Alberta, the wealthiest province in Canada, ranks seventh out of the country’s 10 provinces for post-secondary enrolment. The option to participate in the province’s strong job market steers would-be students toward earning a good income out of high school over investing time and money in their education.
Ontario and British Colombia are forced to address why the fastest growing segment of their populations—Aboriginal Canadians, who reside in large numbers in these provinces—are attending university and colleges at alarmingly low rates. Meanwhile, the Maritime provinces are faced with overall decreasing post-secondary enrolment rates.
While the fight for access to post-secondary education is a noble one, what determines the ability of a high-school student to make it to university or college can vary from province to province—often for reasons more complex than tuition fees. In fact, the barriers to post-secondary education are so complex, they fall beyond the reach of student associations and lobby groups.
Where our student federation can make an impact is on the accessibility issues faced by the students it represents. The SFUO needs to stand in solidarity with our students—some of whom have overcome various barriers to get here—and fight for the causes relating to our access to a quality education at the University of Ottawa.
We have students at the Roger Guindon campus who endure limited services due to their location that leave them feeling disconnected from the U of O community. There are students of the Faculty of Health Sciences without a proper place to call home on campus.
The participation of students with physical disabilities in campus life is limited by the inaccessibility of buildings at the university.
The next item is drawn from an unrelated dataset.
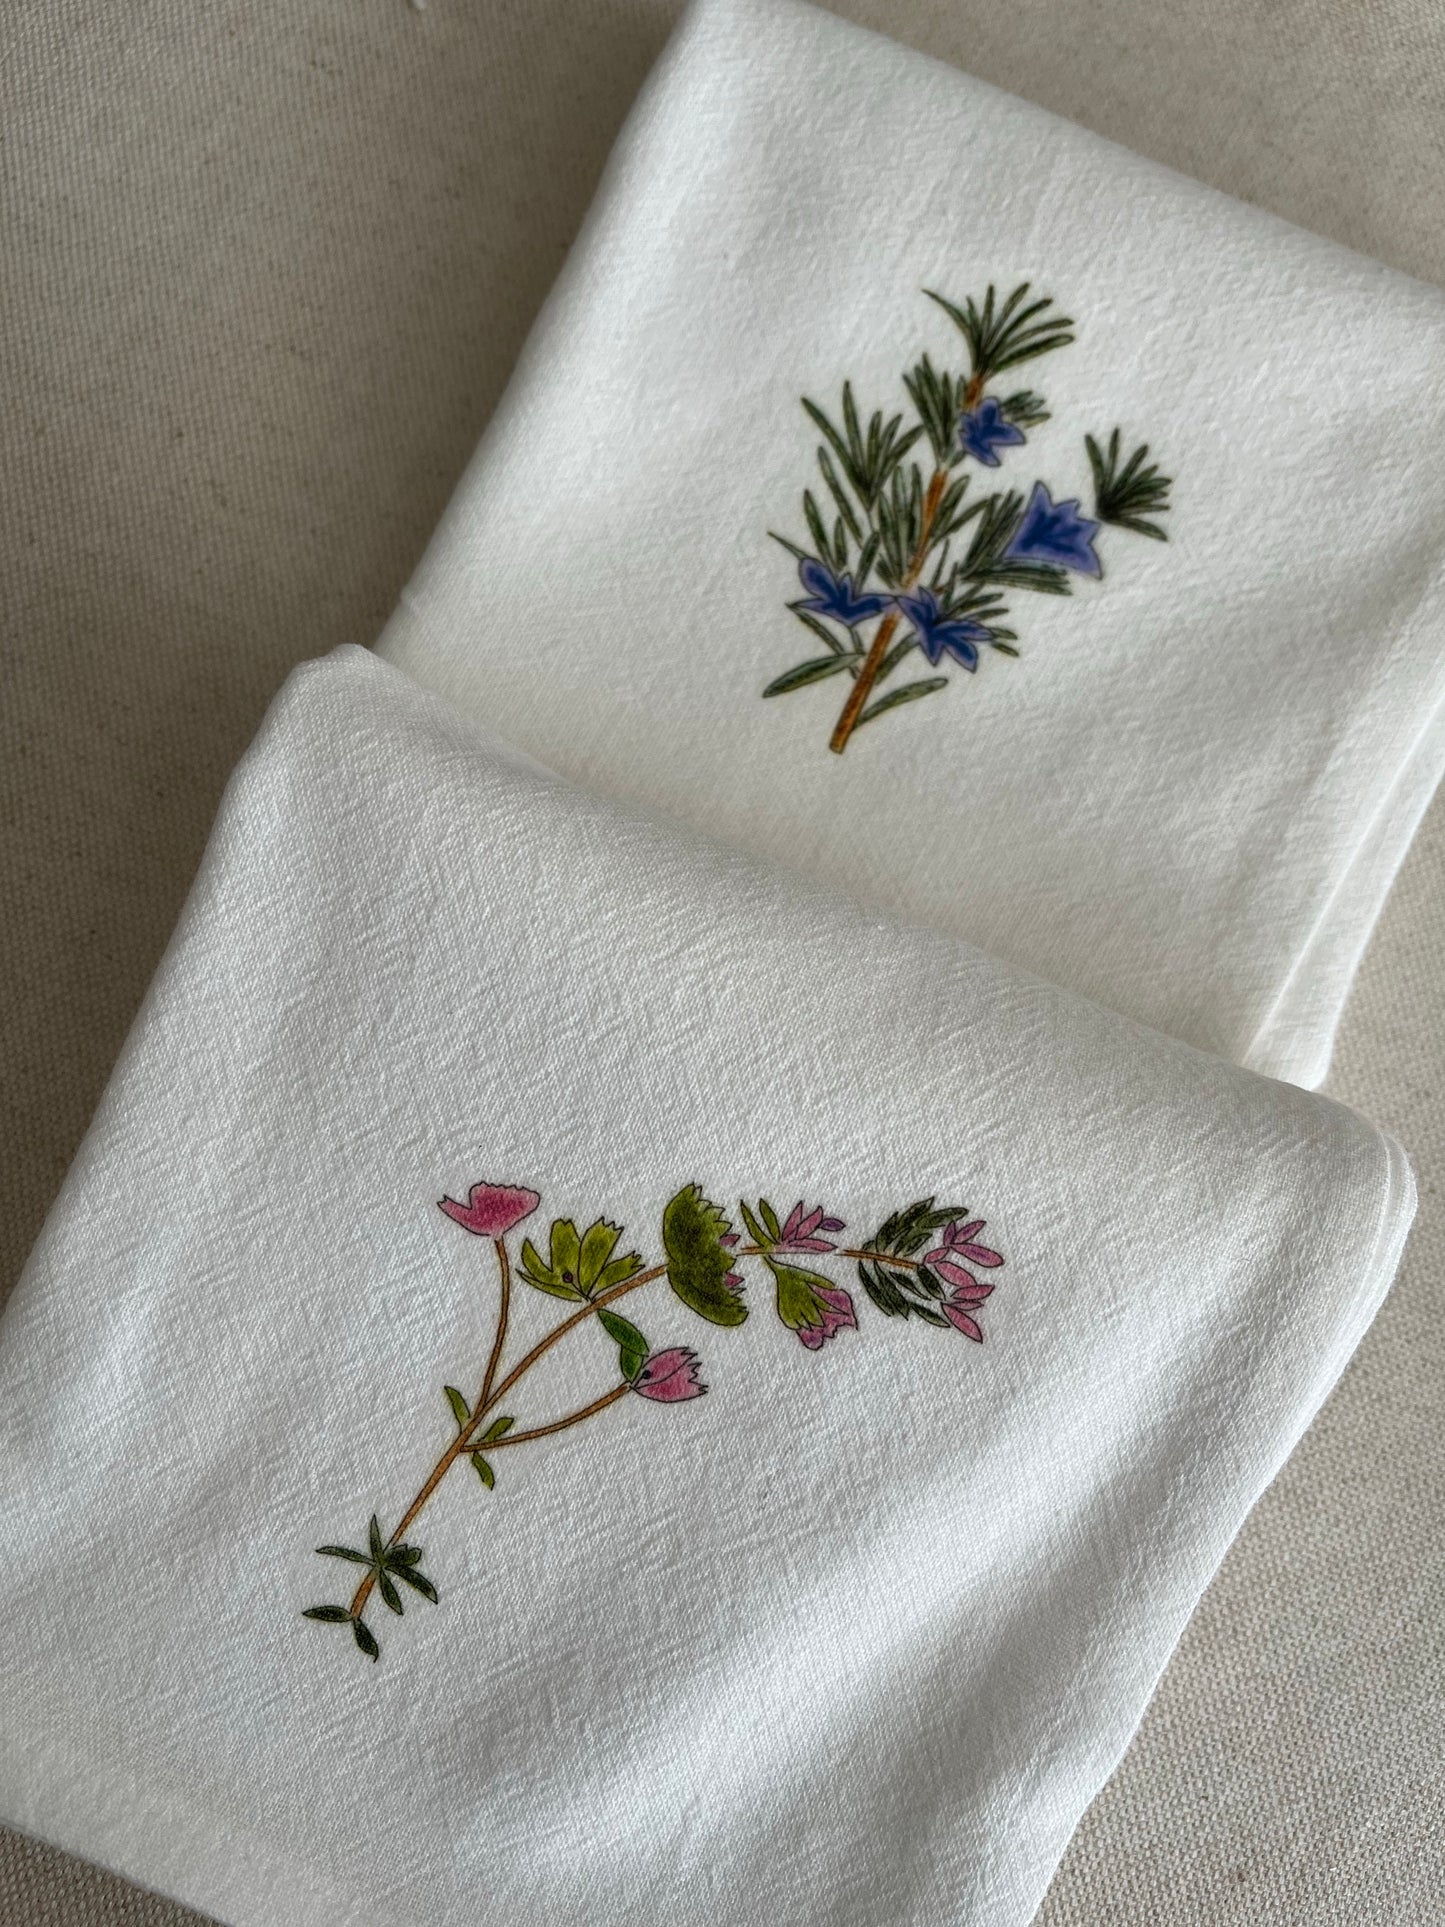 Rosemary & Thyme Botanical Cotton Napkin Set.

There are students who face discrimination—racial, gender-based, and otherwise—on campus, even at the administrative level.
At our bilingual institution, we have students who cannot take courses in the language of their choice. There are thousands of part-time students who receive much fewer services than full-time students, even though some of these services are essential.
Before we stand in solidarity with Quebec students, we should work toward finding solutions for the problems faced by our own students. The students, united, will never be defeated—but we need to take a stand for our own students first.